I know, I know—there are some who would say that if an energy can’t be measured, it doesn’t exist, but go with me here. Have you ever had the experience of getting together with people, having a great time, then coming home feeling like you’ve somehow been insulted? You can usually trace it back to some snide, offhand remark that you didn’t notice when it was said but feels awful now. In an unfortunate number of human interactions, one person takes from the other, leaving the second person feeling hollow and inadequate, and questioning why they feel so depleted.

People live in a world of multilayered complexity, where the words they use are often the opposite of what is meant. This is particularly difficult for someone on the autism spectrum, where literal meanings are taken as gospel truths. Take sarcasm for example. If I’m wearing a bright red Hawaiian shirt, blue shorts, green socks and sandals, a well-meaning person might want to tell me that the combination looks hideous. A common way of expressing this would be, “Well that’s a nice combination!,” at which point I might proudly say “Thanks!,” missing the point completely.

Sarcasm or doublespeak is seen as a sign of wit and intelligence, rather than meanness or the fear of expressing yourself directly. It is my wish, not just as an Aspie but as a human being, that all people deal with each other directly. Please, just say what you mean and mean what you say. Be like a dog.

©2013 Tom and Linda Peters

I Hate Words: The Hazards of Asperger’s Communication

I hate words. Give Wings to your Heart

Many of the difficulties I’ve had as an Aspie in relationships have revolved around the use and misuse of words. Written words are not the problem; they can be worked and reworked until there is some precision of meaning conveyed. No—it’s those little spoken bastards that give me the most trouble. I know exactly what I mean and want to say, but the words simply won’t cooperate.

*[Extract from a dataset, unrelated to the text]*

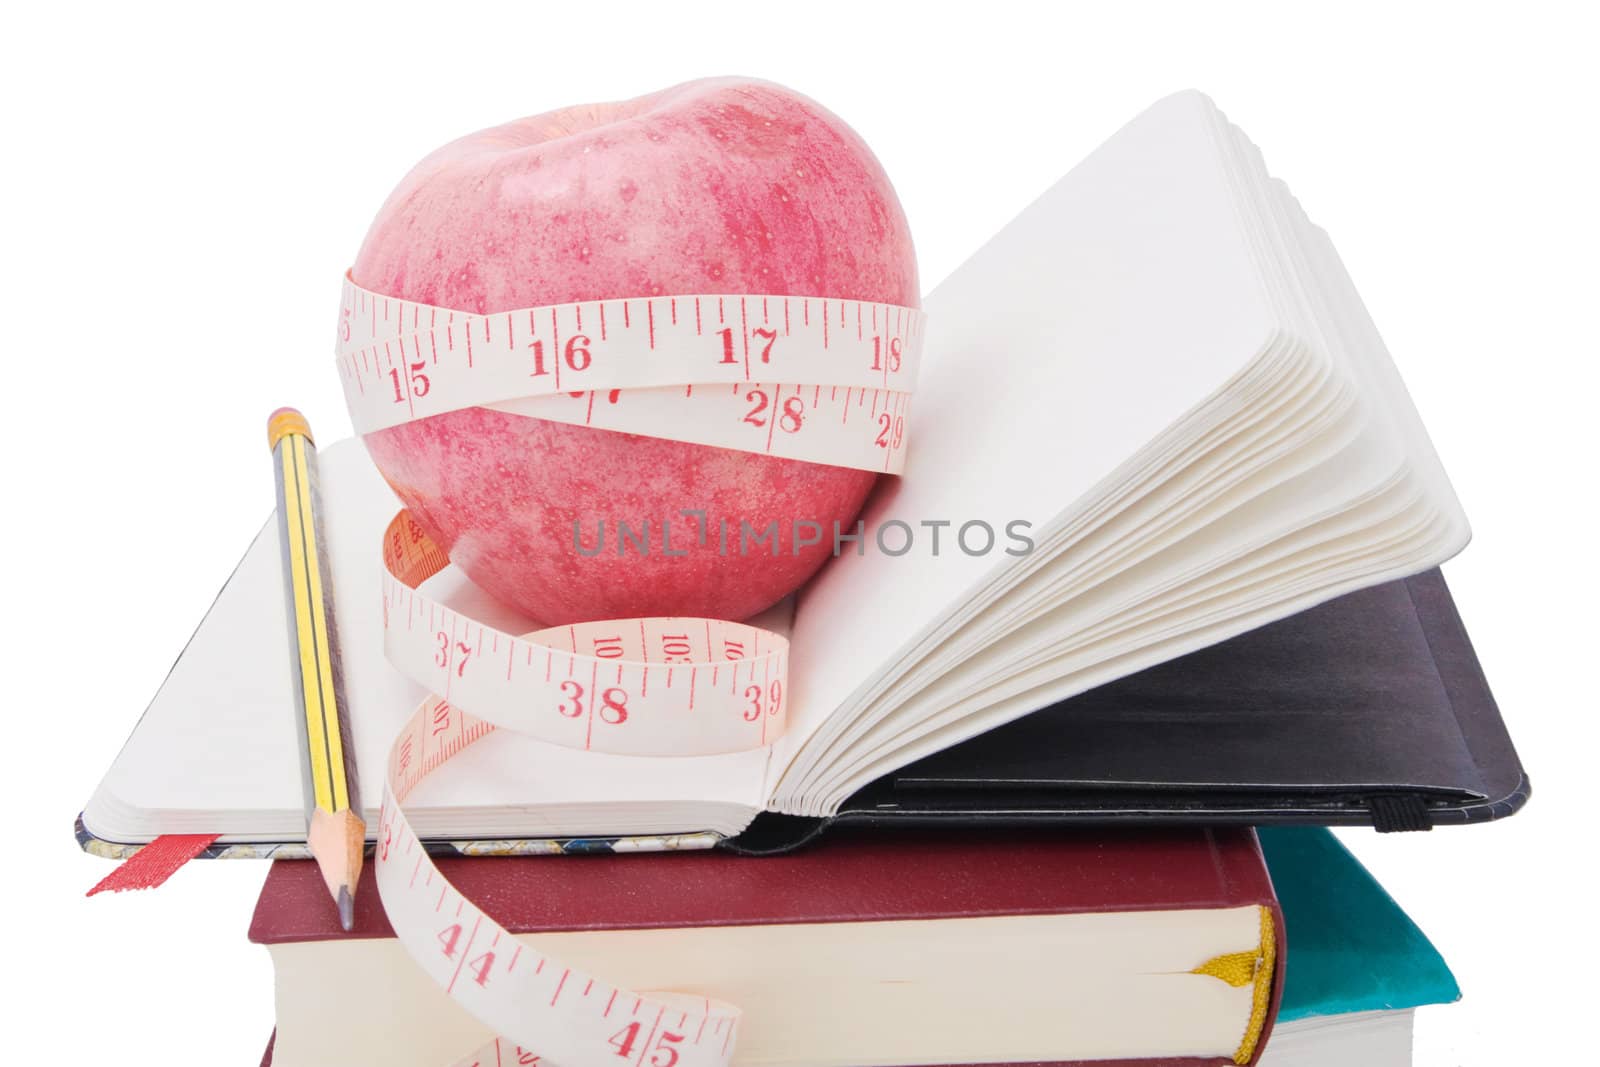 Big ripe red apple with white measure tape around it on pile of books as metaphor of healthy eating and diet
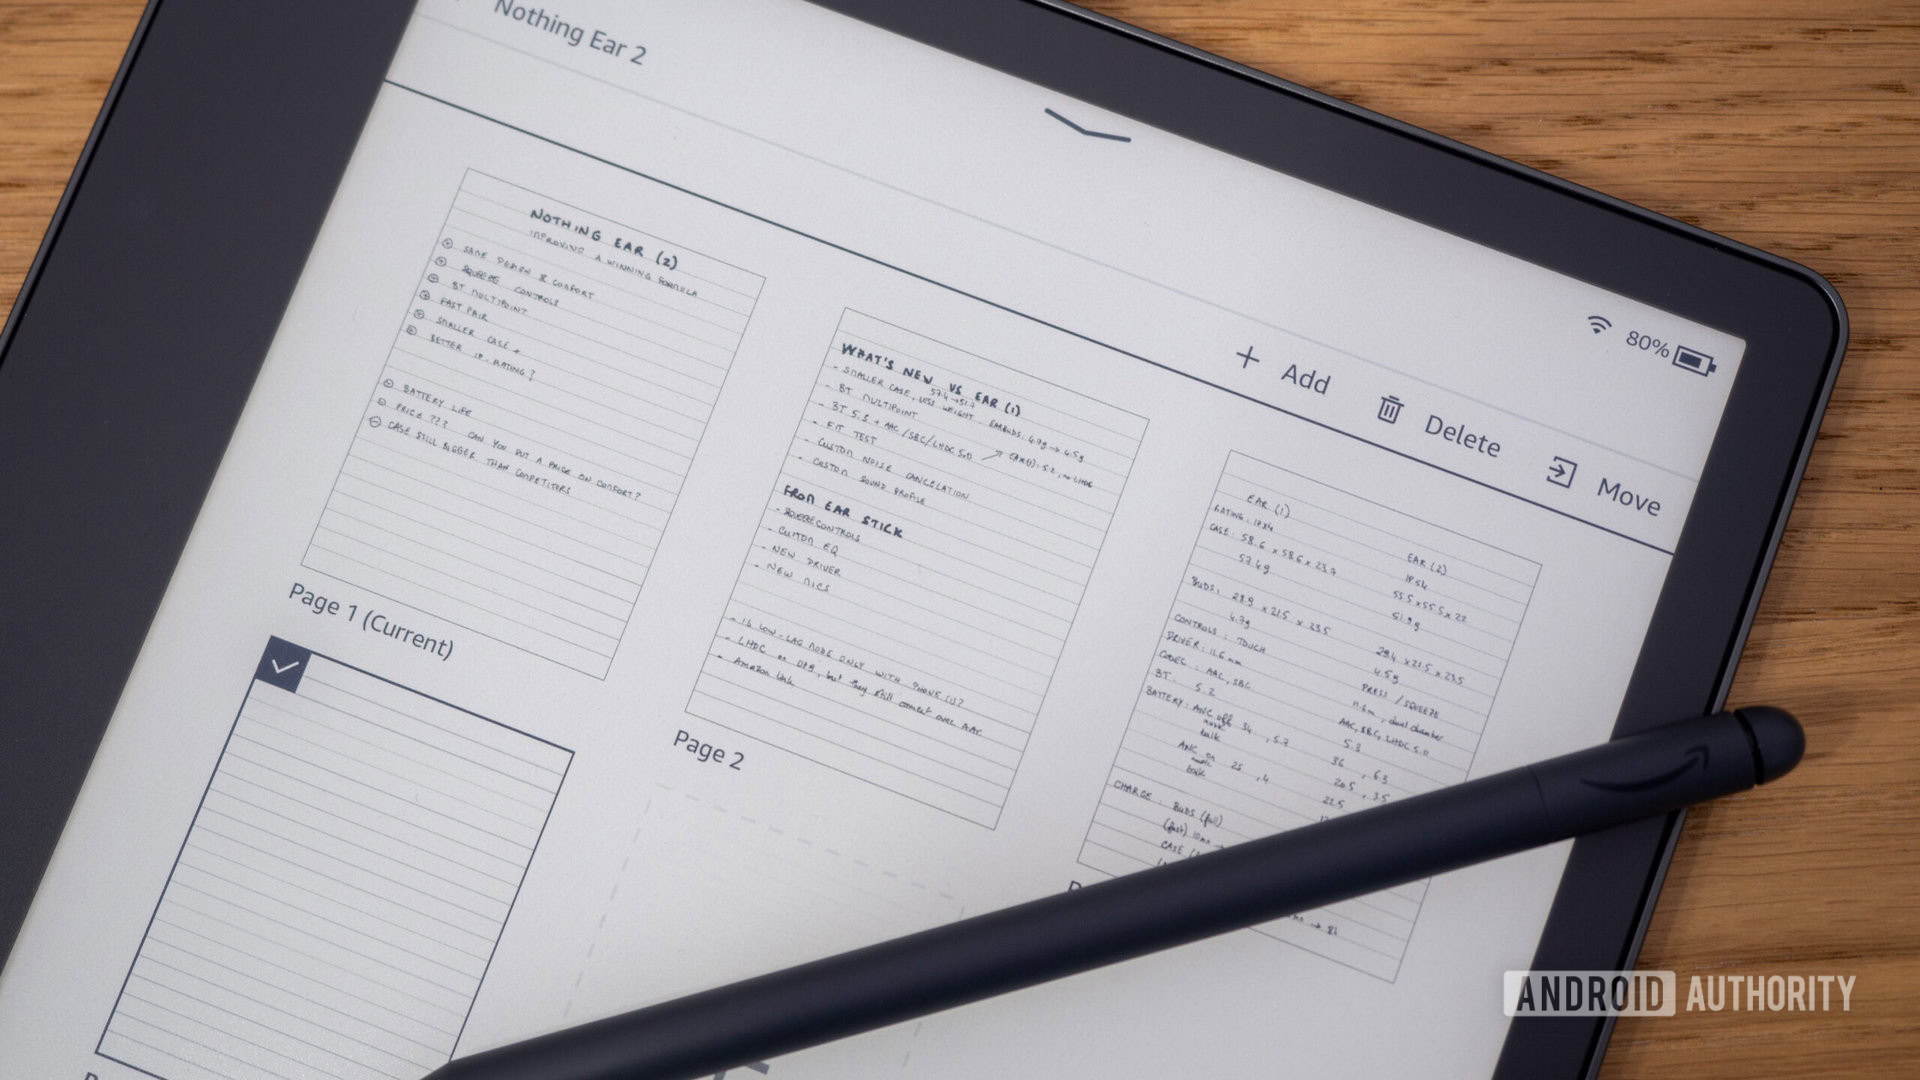 improves Kindle Scribe for serious notetaking, says there's

In the 60s, Northwest Airlines started a very successful American campaign with the slogan “Give Wings to Your Heart,” and wanted to take it global. Instead of springing for a good Chinese translator, Northwest decided to go the budget route. The Chinese version of the “Give Wings to Your Heart” slogan was translated as: “Tie Feathers to Your Blood Pump.”

I’m pretty sure that a budget Chinese translator resides inside my Asperger’s brain.

Words are the translators of thoughts, ideas and emotions, and they can devilishly mistranslate those same thoughts, ideas and emotions with the exact opposite meaning from what was originally intended. This is where my internal translator—who at times feels like he’s on his third martini—either mutters or hears something entirely inappropriate or passes out altogether, leaving me to stare blankly and wonder what the word “what” means.

This, I think, is one of the primary reasons I write and perform music. Words are not even an issue.

Linda is one of the only people in my life who actually takes the time to look for the meaning behind the words, and is patient enough to make sure her meanings get through as well.

And I have to say, it truly ties feathers to my blood pump.